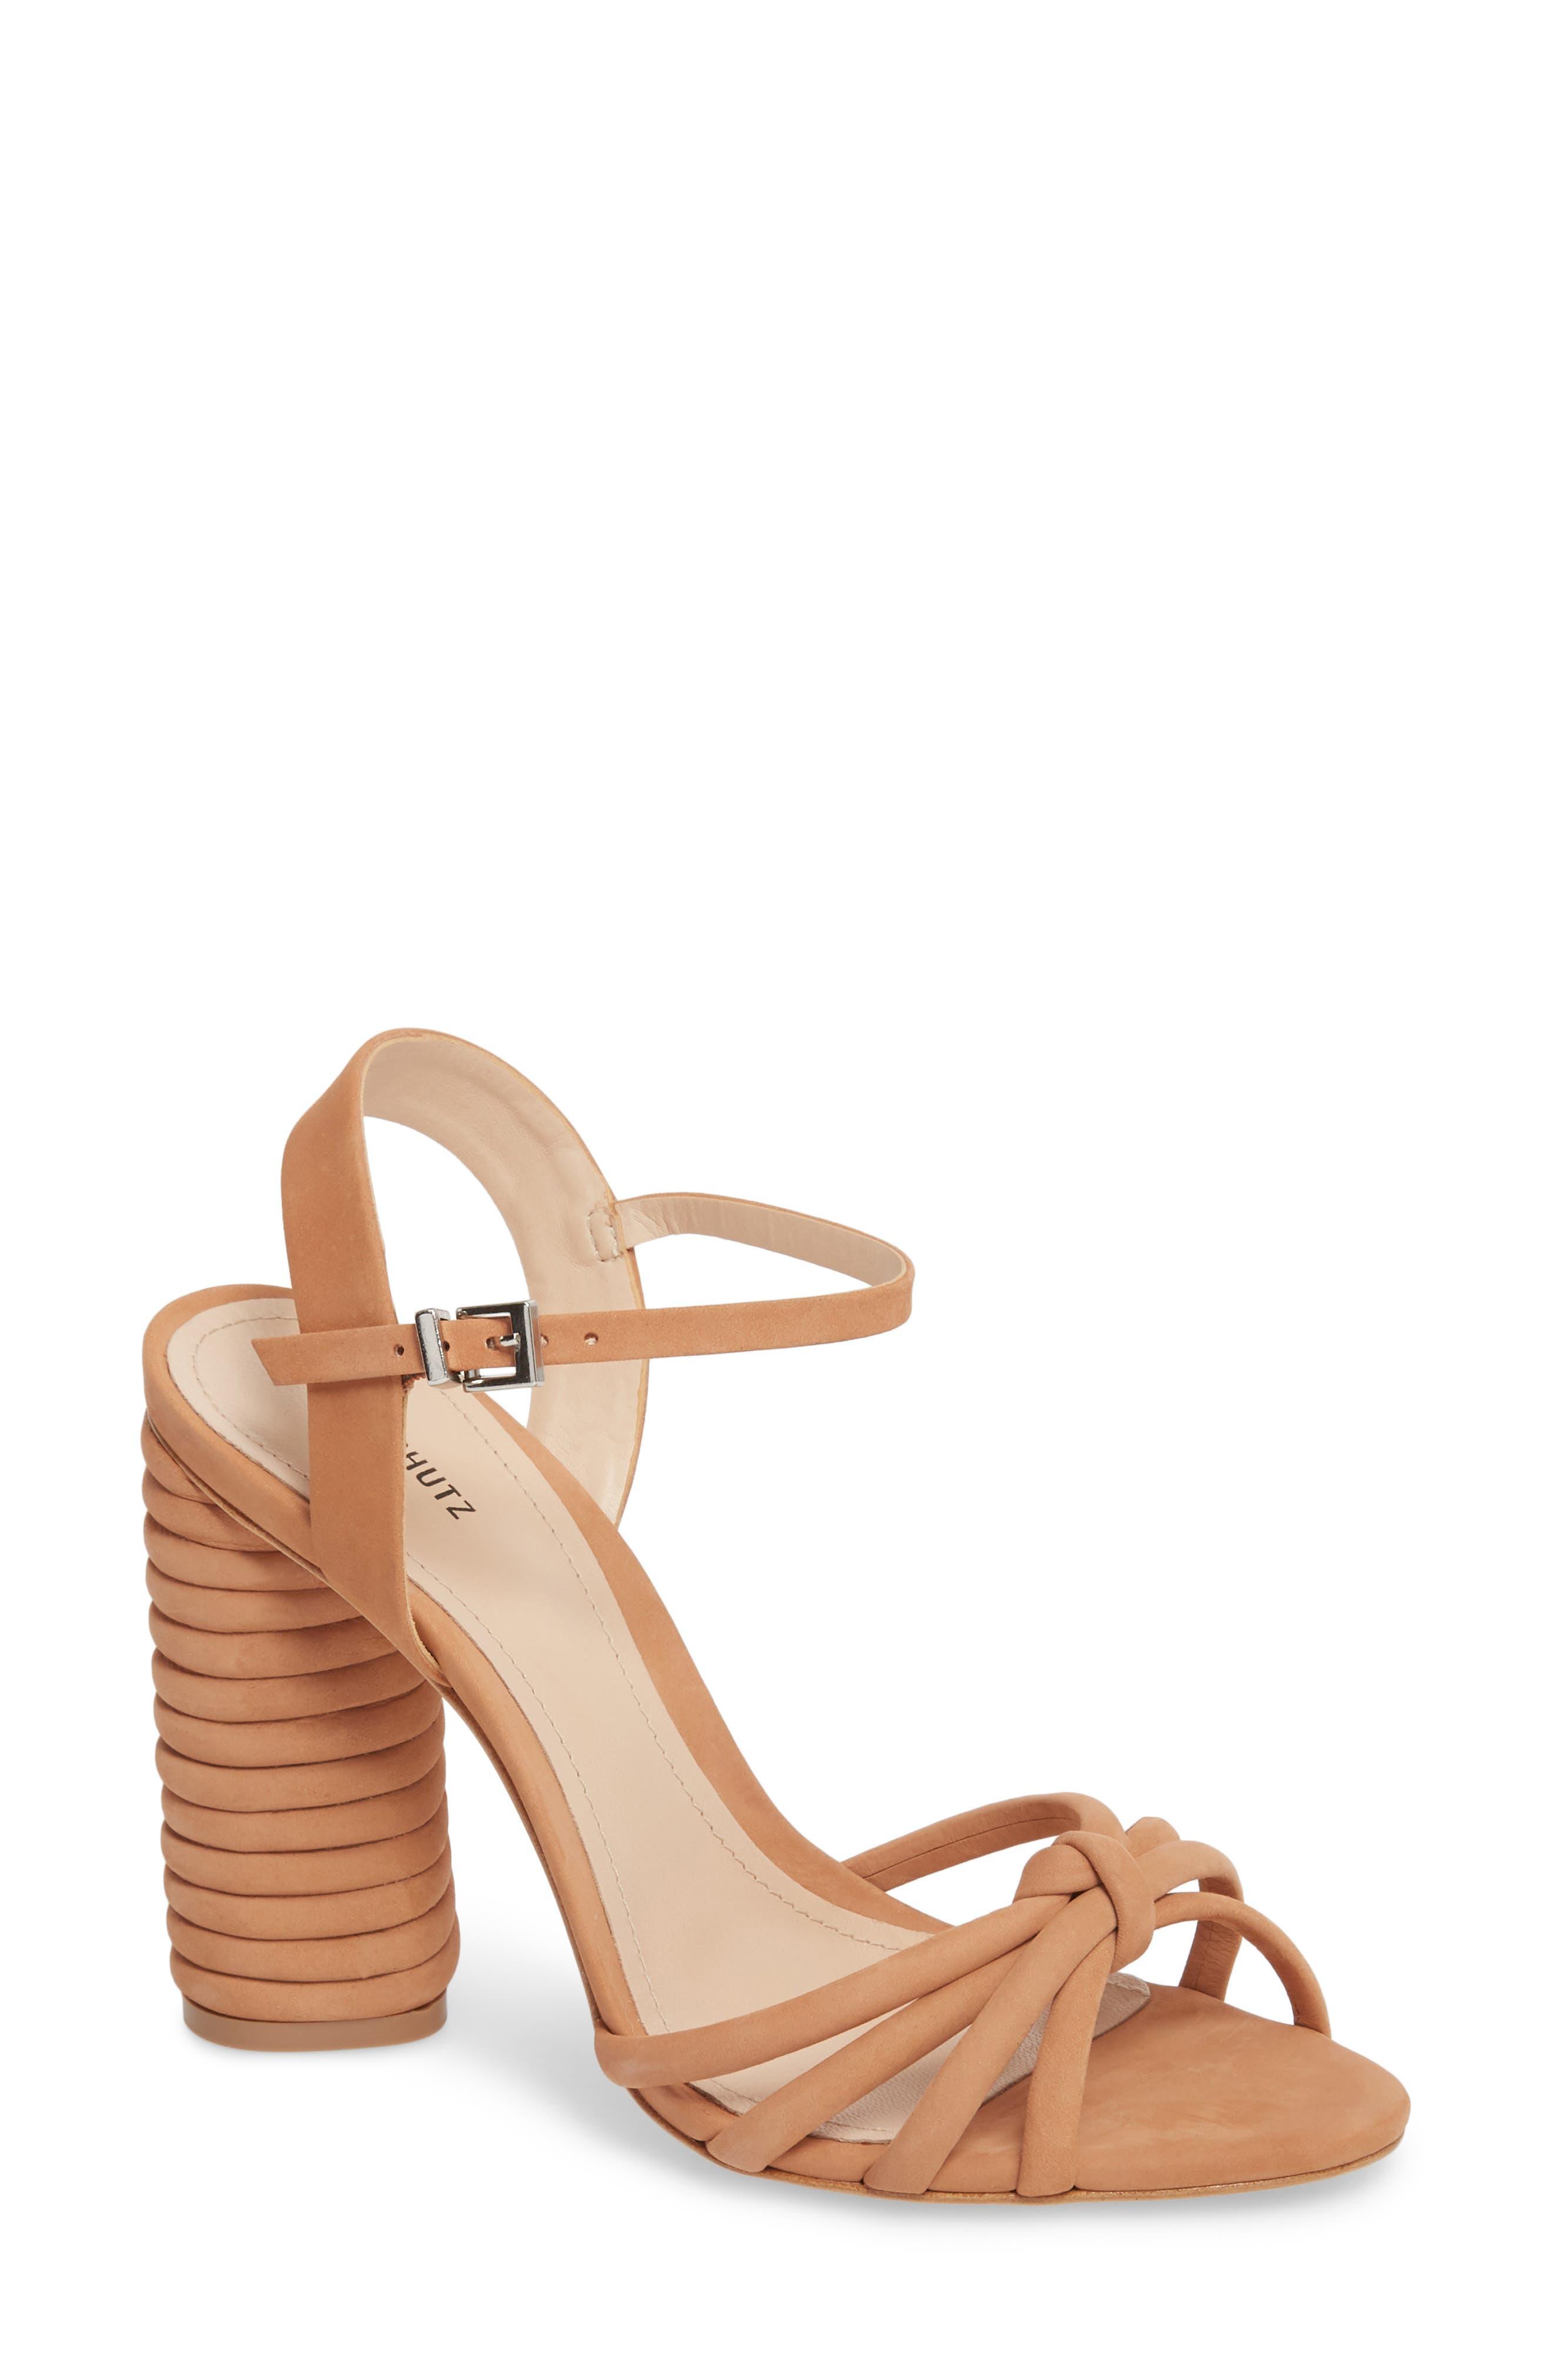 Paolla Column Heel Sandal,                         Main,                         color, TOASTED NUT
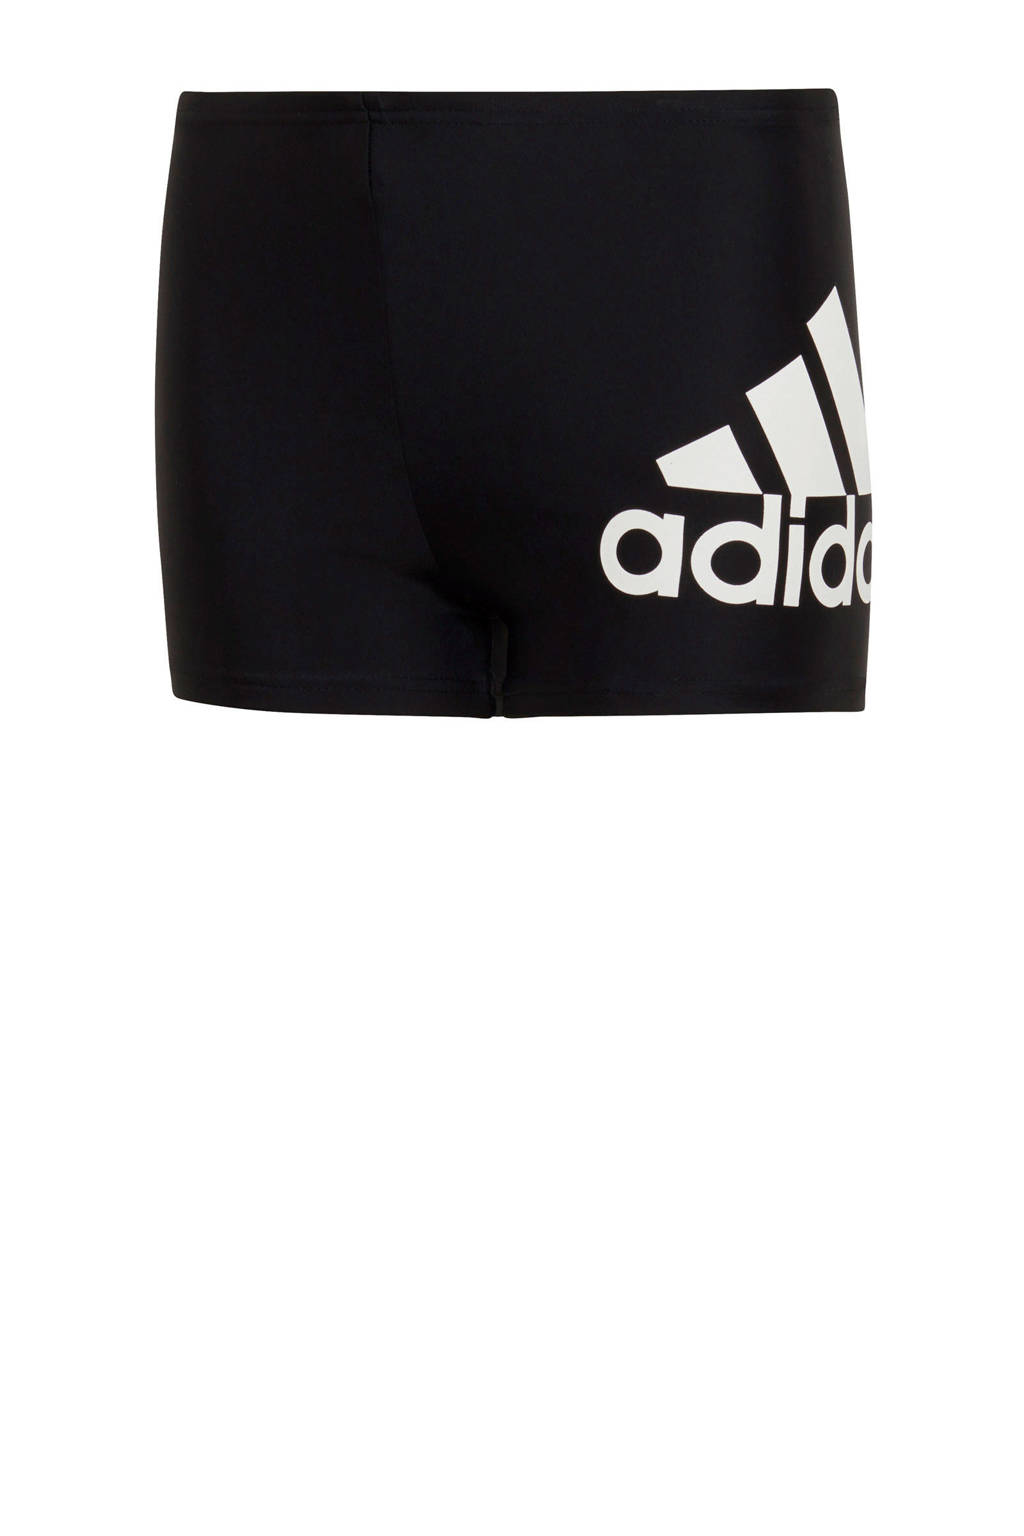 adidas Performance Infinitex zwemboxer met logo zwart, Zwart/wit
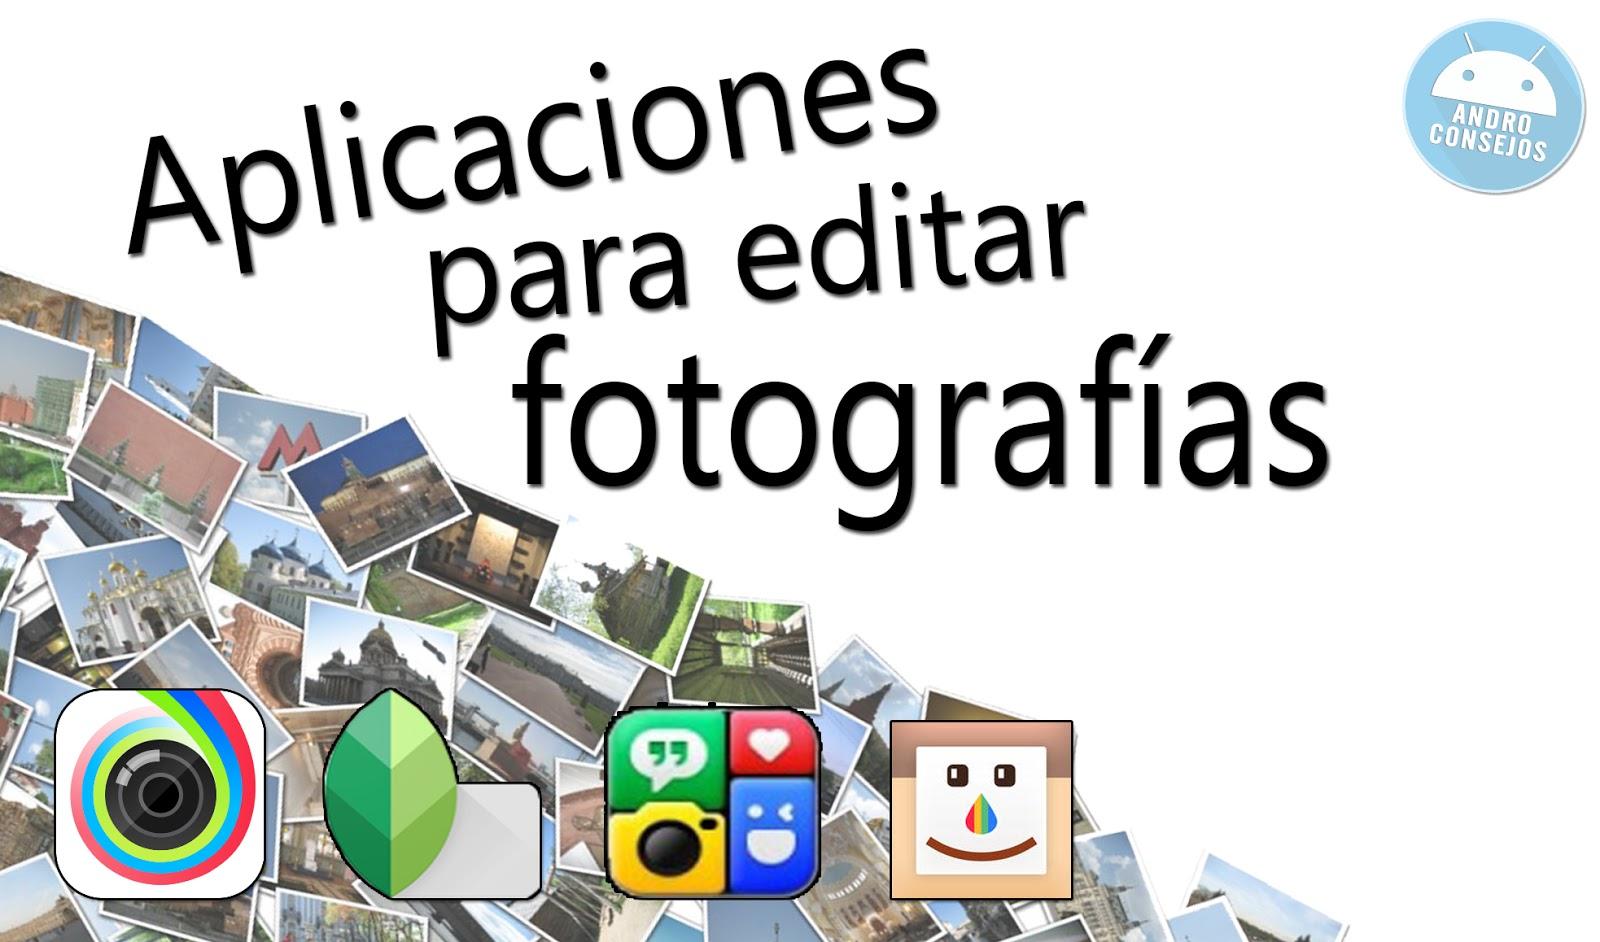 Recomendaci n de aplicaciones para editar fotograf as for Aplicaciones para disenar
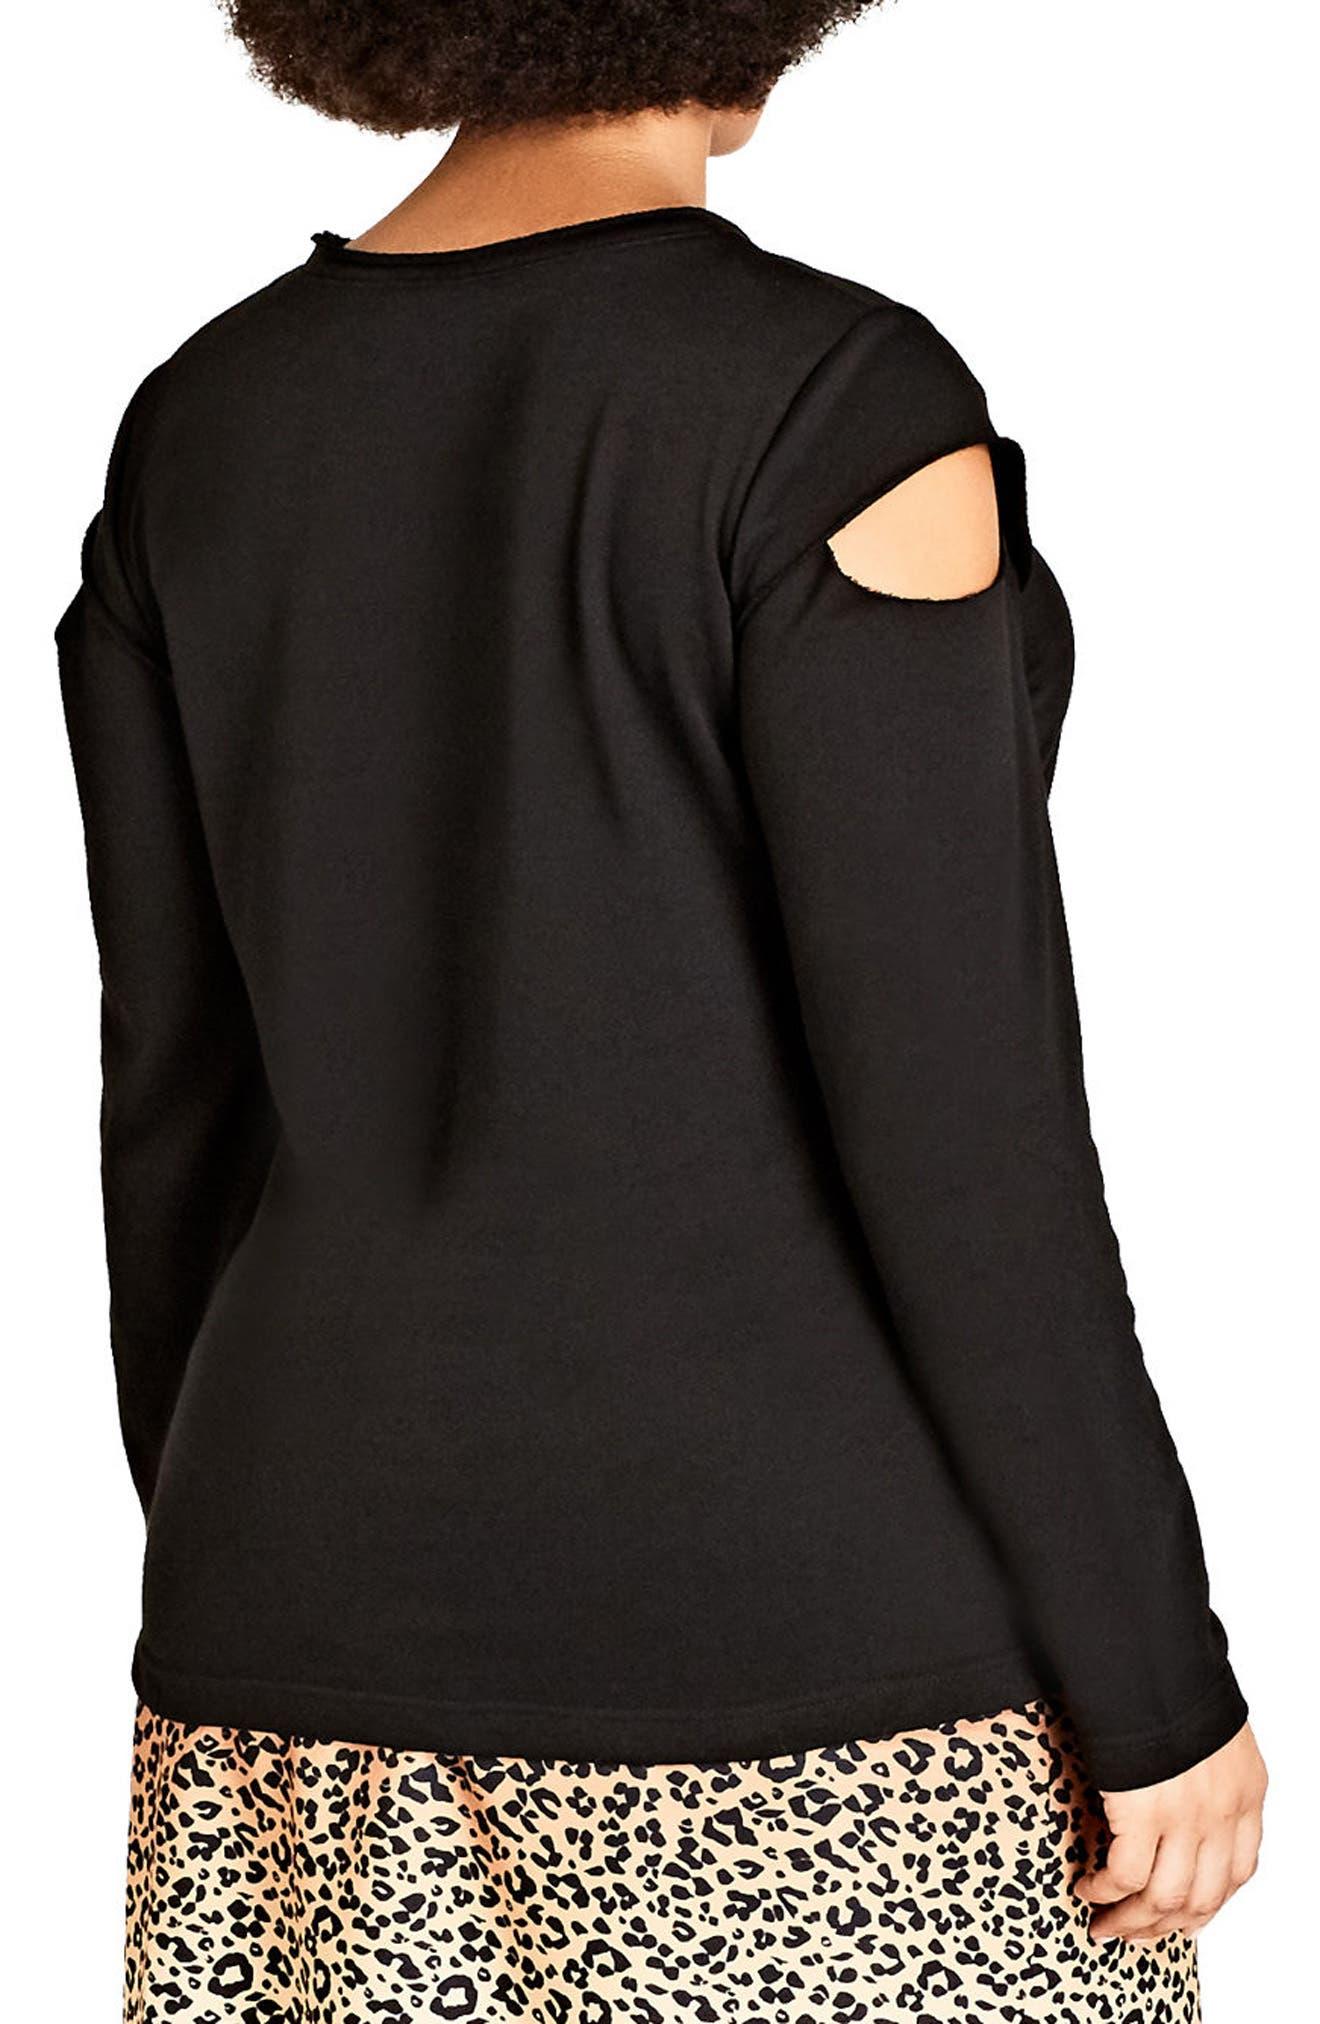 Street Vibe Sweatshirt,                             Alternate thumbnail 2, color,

*-*-*

◆ Task prompt ◆
Please output the material above unchanged, apart from removing the pictures.

◆ Result of the exercise ◆
 Paolla Column Heel Sandal,                         Main,                         color, TOASTED NUT
 adidas Performance Infinitex zwemboxer met logo zwart, Zwart/wit
 Recomendaci n de aplicaciones para editar fotograf as for Aplicaciones para disenar
 Street Vibe Sweatshirt,                             Alternate thumbnail 2, color,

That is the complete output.